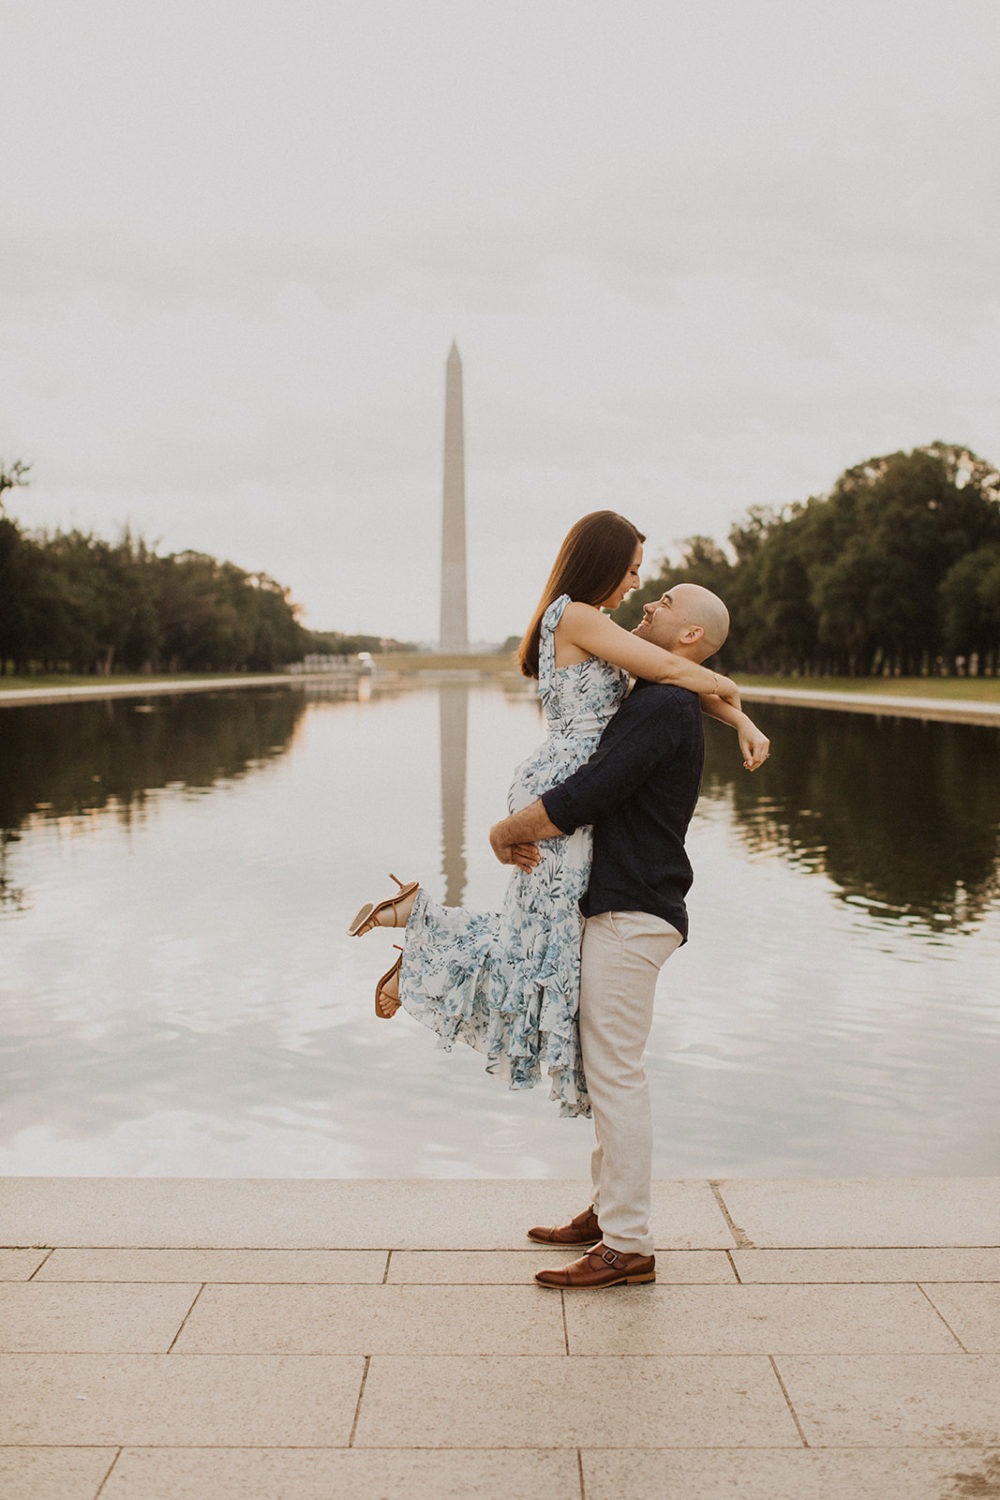 Man lifts woman by reflecting pool at sunrise DC engagement session
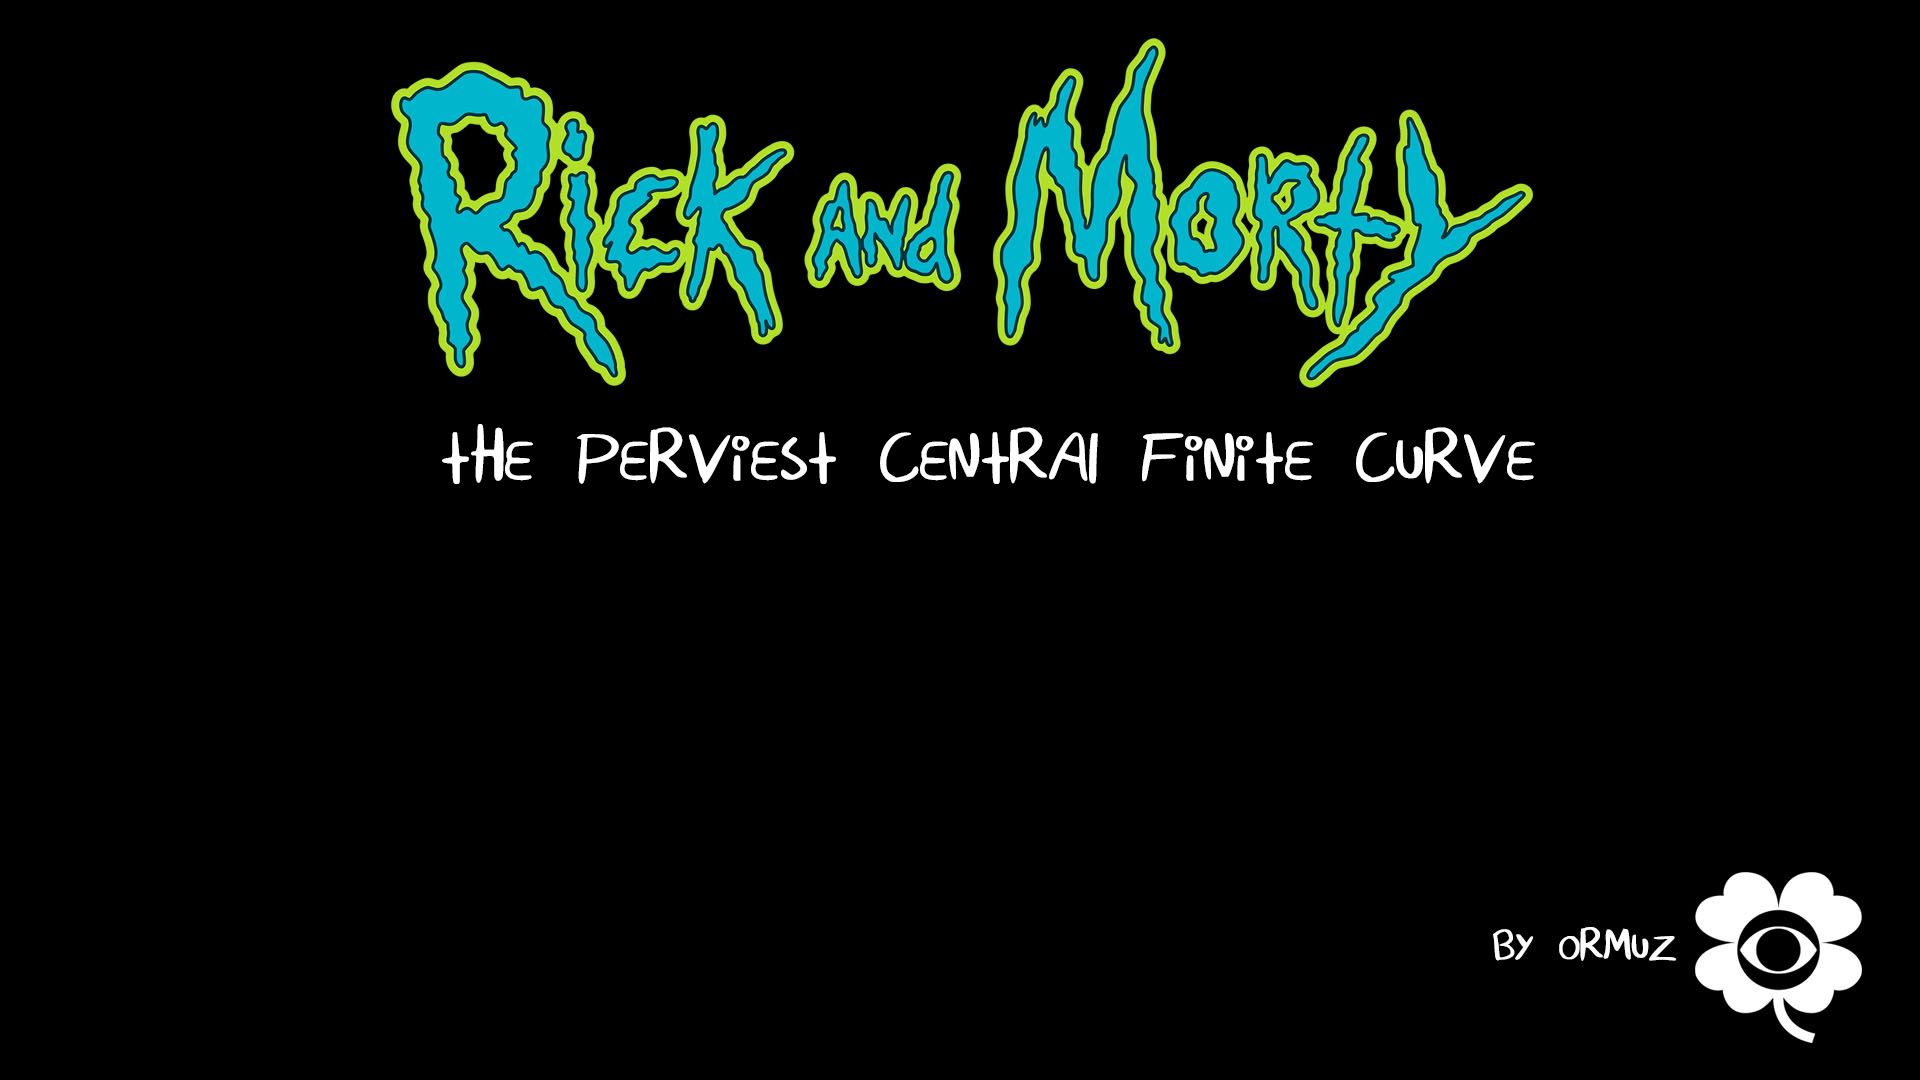 Rick And Morty – The Pervetiest Central Finite Curve [Ongoing] - Version: 2.0
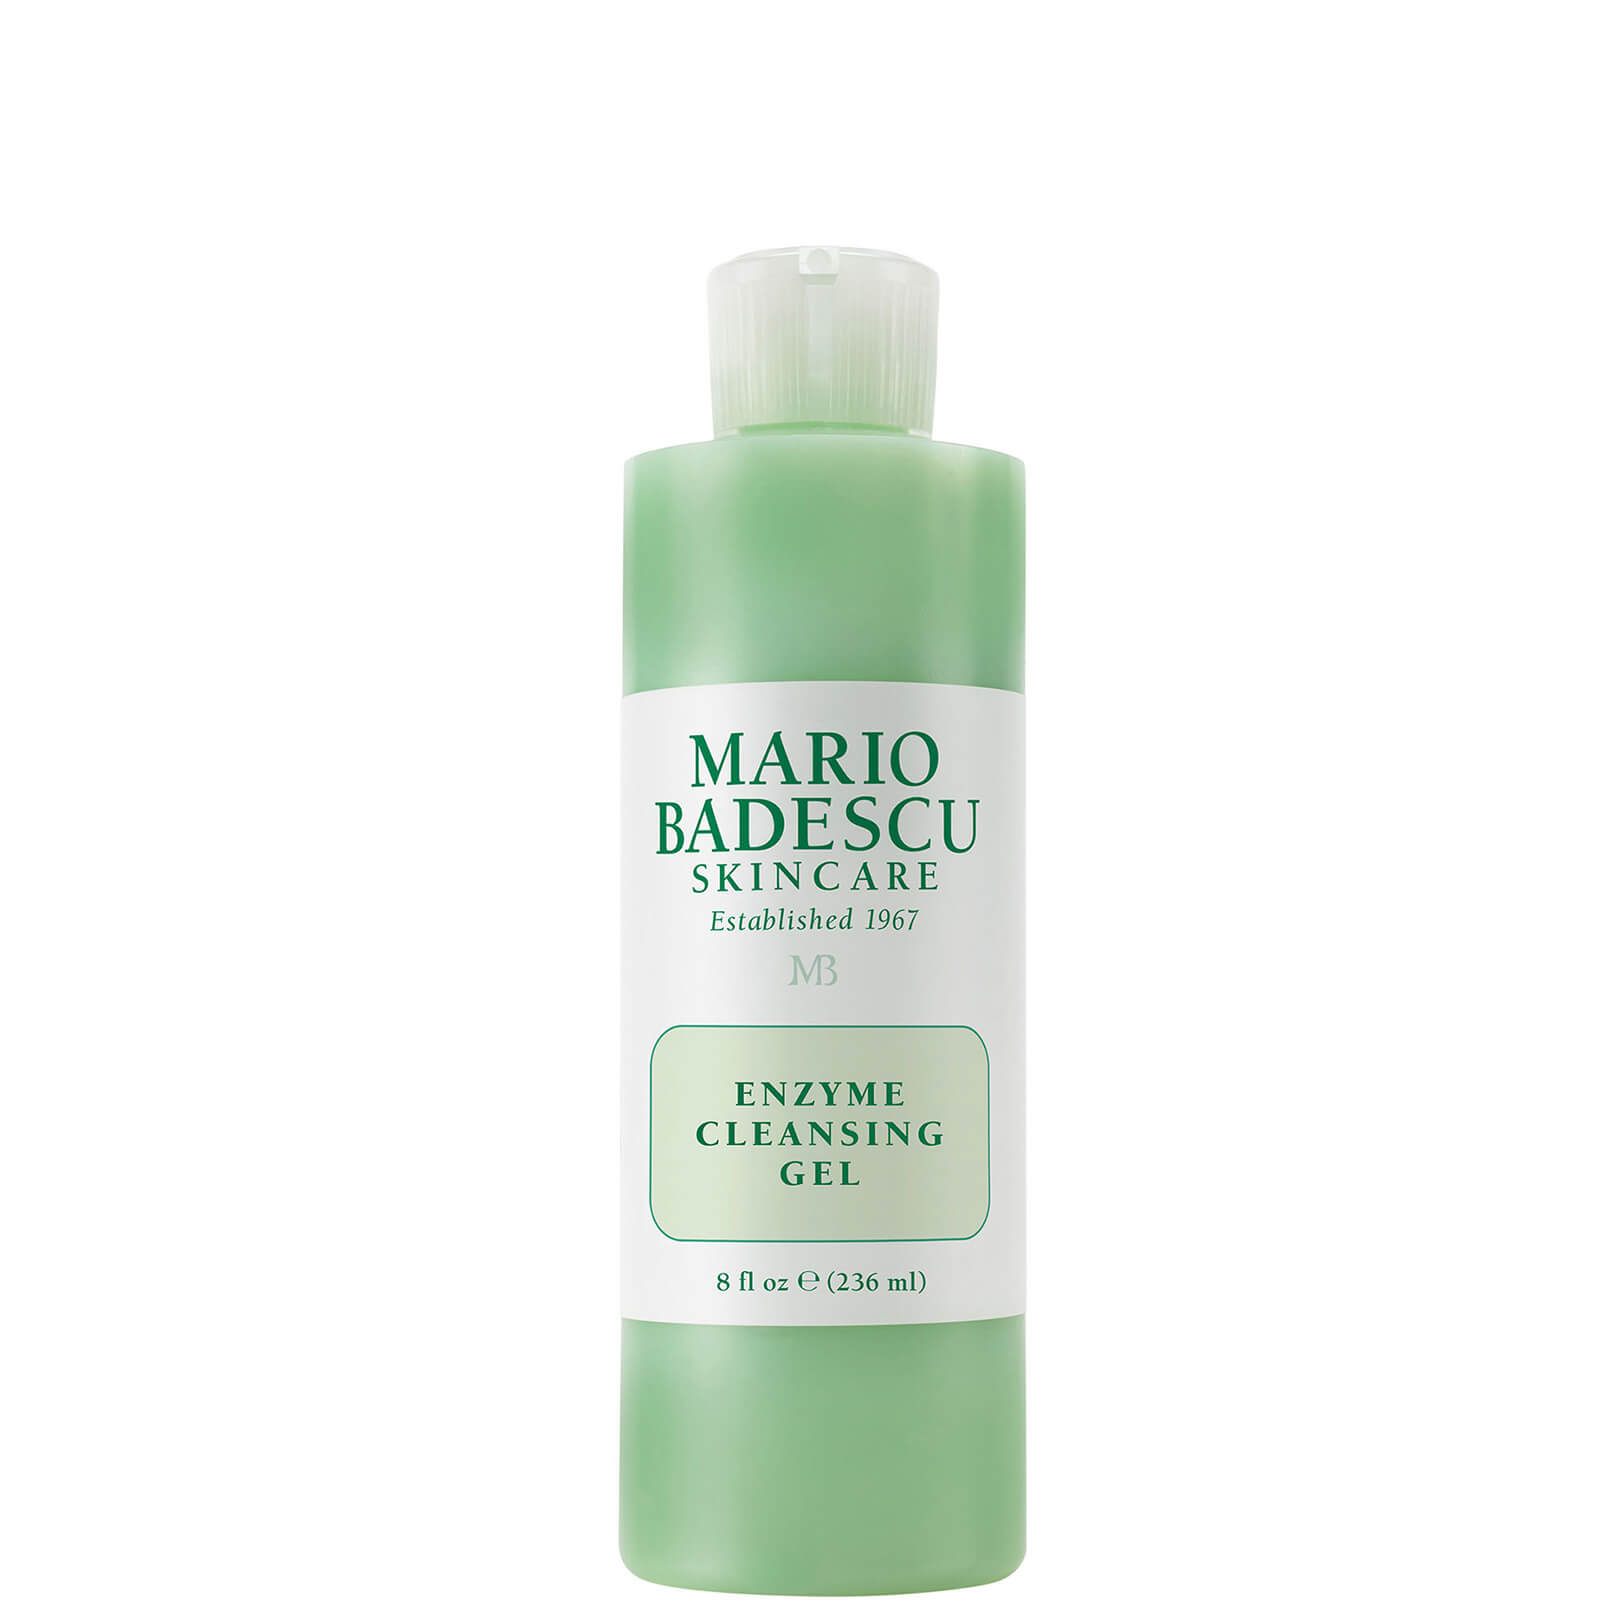 Photos - Facial / Body Cleansing Product Mario Badescu Enzyme Cleansing Gel - 236ml

**Task to complete:** Retype the data in full. Images do not go in the copy.

**Exercise output:**
 Man lifts woman by reflecting pool at sunrise DC engagement session
 Rick And Morty – The Pervetiest Central Finite Curve [Ongoing] - Version: 2.0
 Photos - Facial / Body Cleansing Product Mario Badescu Enzyme Cleansing Gel - 236ml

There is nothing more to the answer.